● Try it
Of the entries below, return only those lines from the line with "Der Musiker Eric" to the line with "青岛大学 | 景观设计", exactly, both included.

● Records provided
┌──

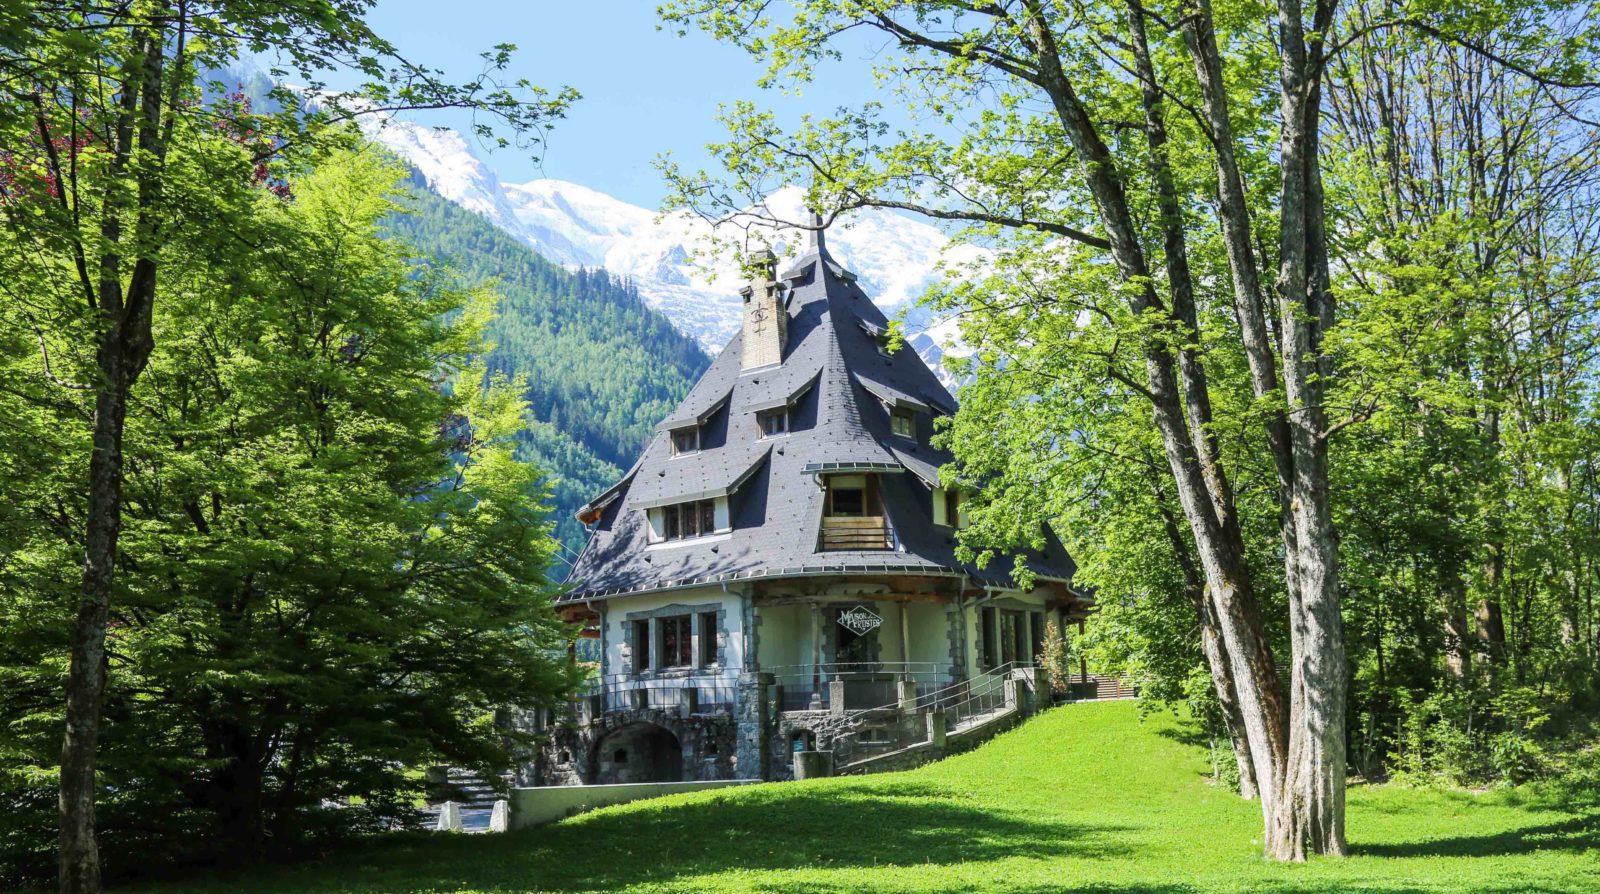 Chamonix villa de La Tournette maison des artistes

└──
┌──

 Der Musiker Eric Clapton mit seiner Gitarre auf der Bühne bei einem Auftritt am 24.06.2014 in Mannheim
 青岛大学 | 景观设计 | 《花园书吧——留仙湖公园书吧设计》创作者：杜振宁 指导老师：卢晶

└──

● Final answer
 Der Musiker Eric Clapton mit seiner Gitarre auf der Bühne bei einem Auftritt am 24.06.2014 in Mannheim
 青岛大学 | 景观设计 | 《花园书吧——留仙湖公园书吧设计》创作者：杜振宁 指导老师：卢晶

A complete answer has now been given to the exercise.